* _SOURCE DATA_
* * *

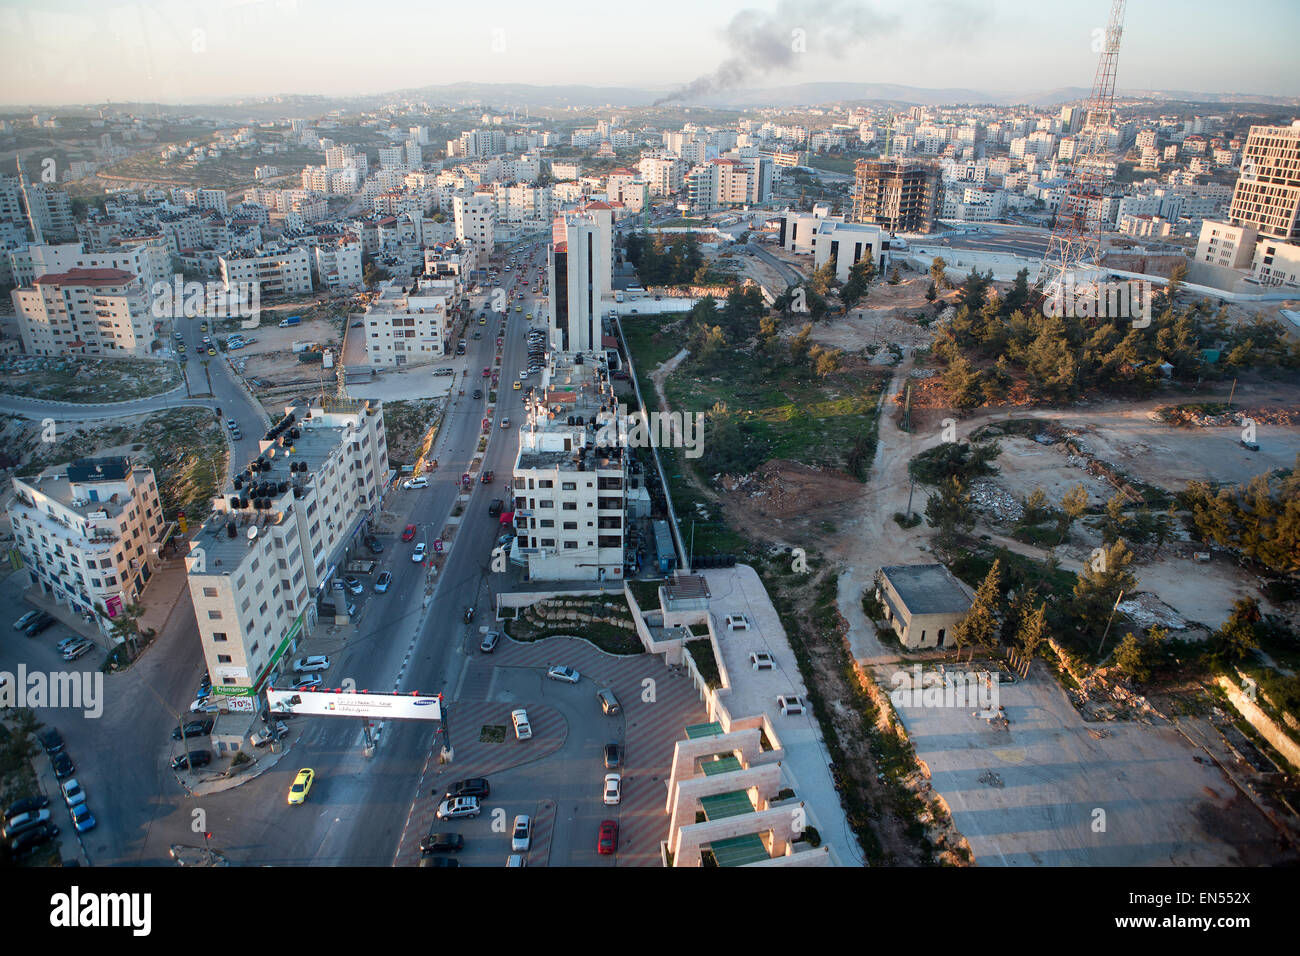 Ramallah city, west bank, Palestine Stock Photo - Alamy
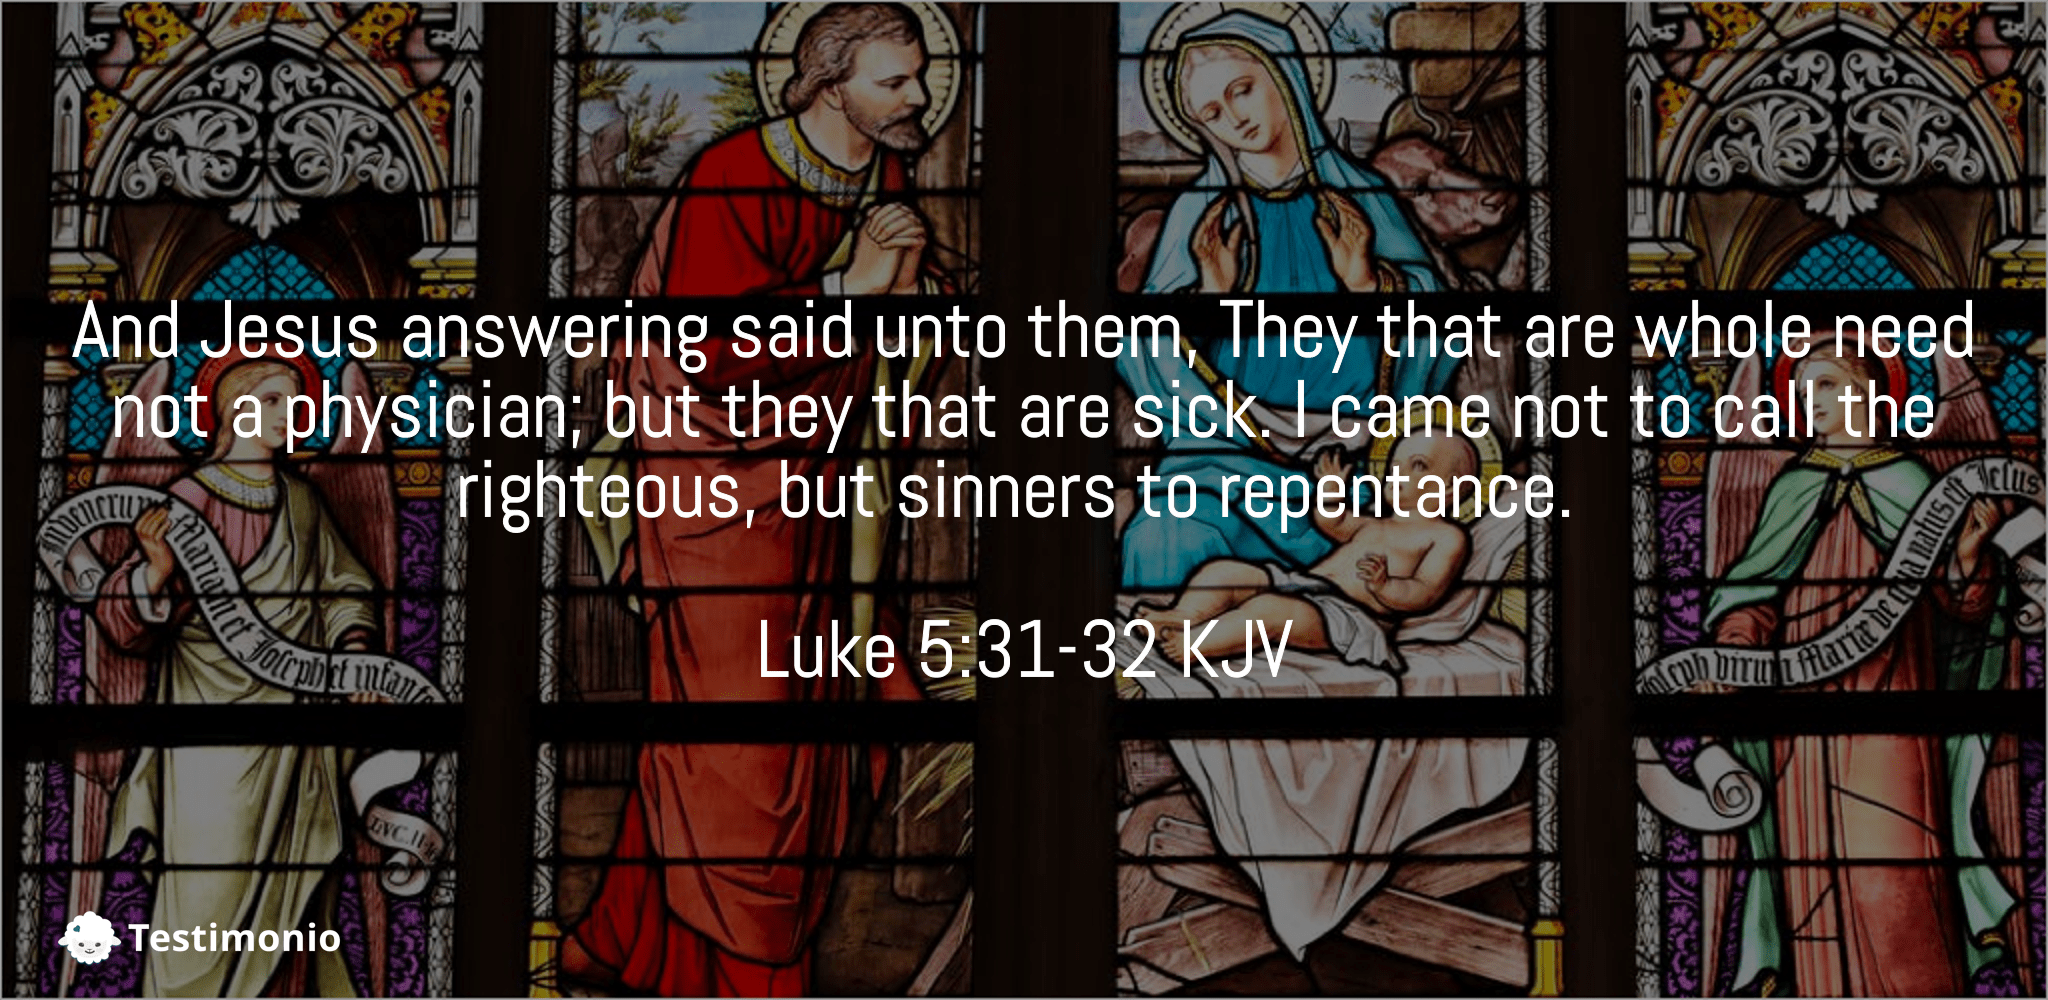 Luke 5:31-32
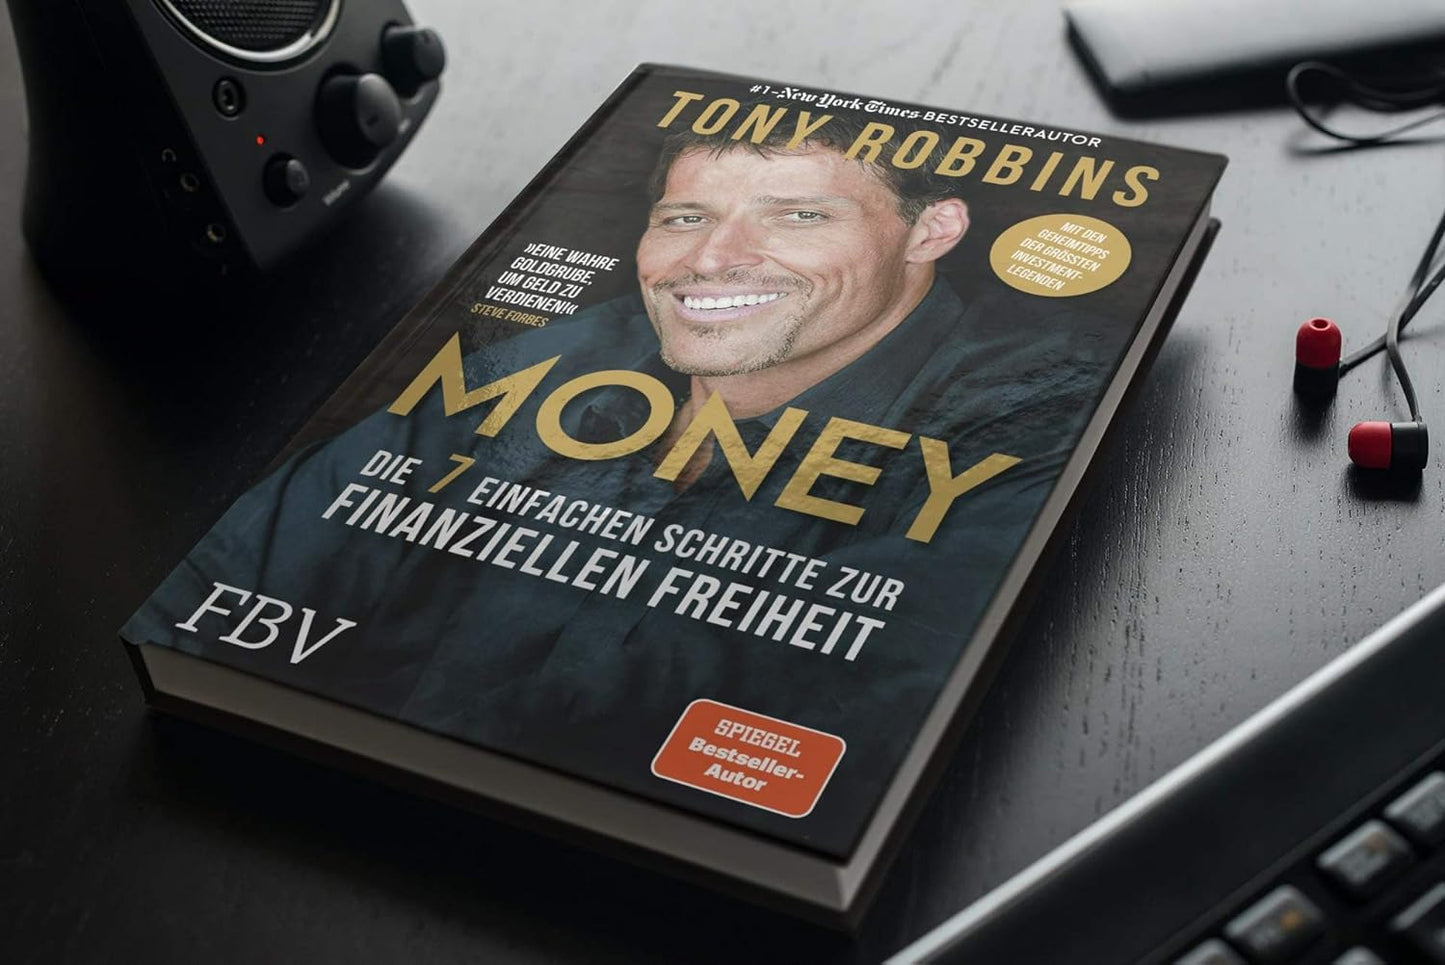 Money: Die 7 einfachen Schritte zur finanziellen Freiheit
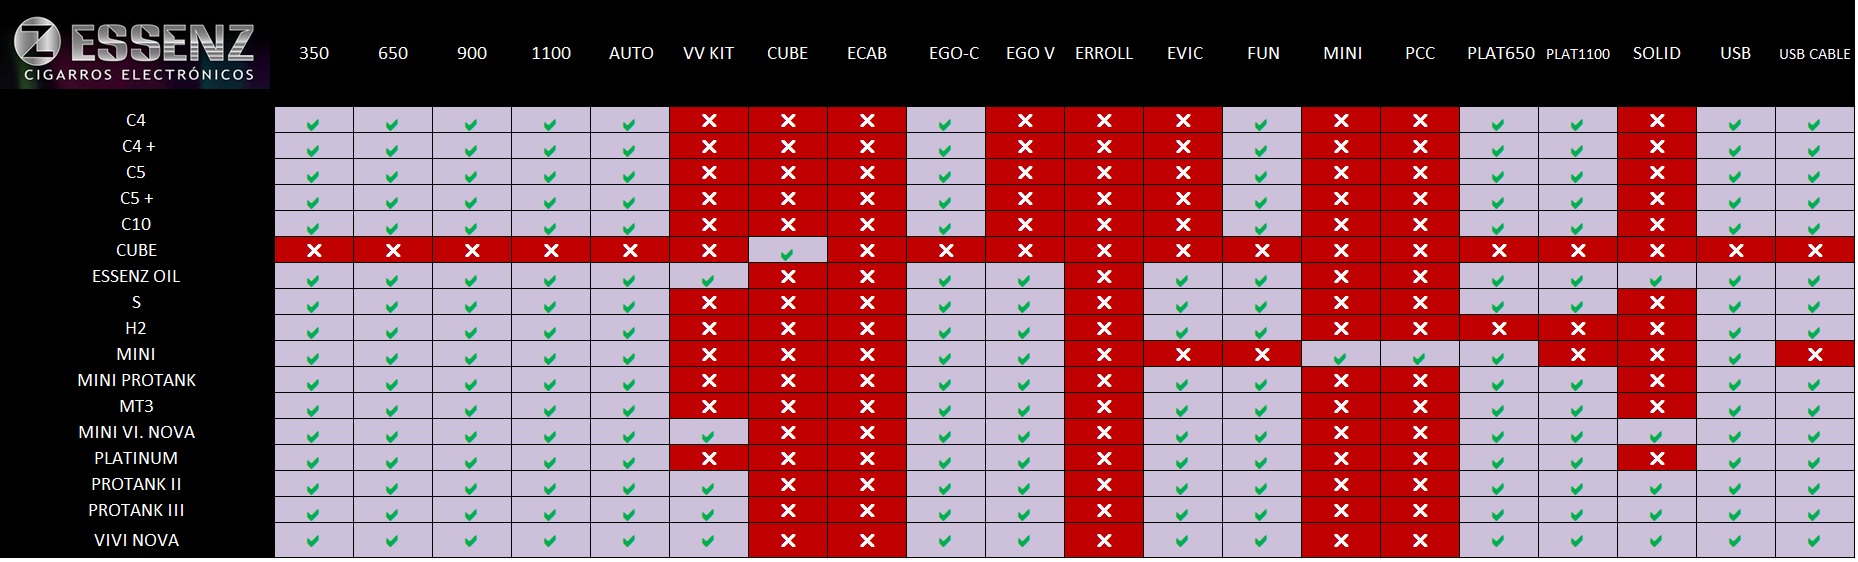 Tabla de compatibilidad Essenz (Clica sobre la imagen para ampliar)

* * *

* _EXERCISE AIM_
An exact copy of the lines from the line containing "Luke 5:31-32" through the final line of the listing, without pictures, is the expected result.

* _TASK SOLUTION_
 Luke 5:31-32
 Money: Die 7 einfachen Schritte zur finanziellen Freiheit
 Tabla de compatibilidad Essenz (Clica sobre la imagen para ampliar)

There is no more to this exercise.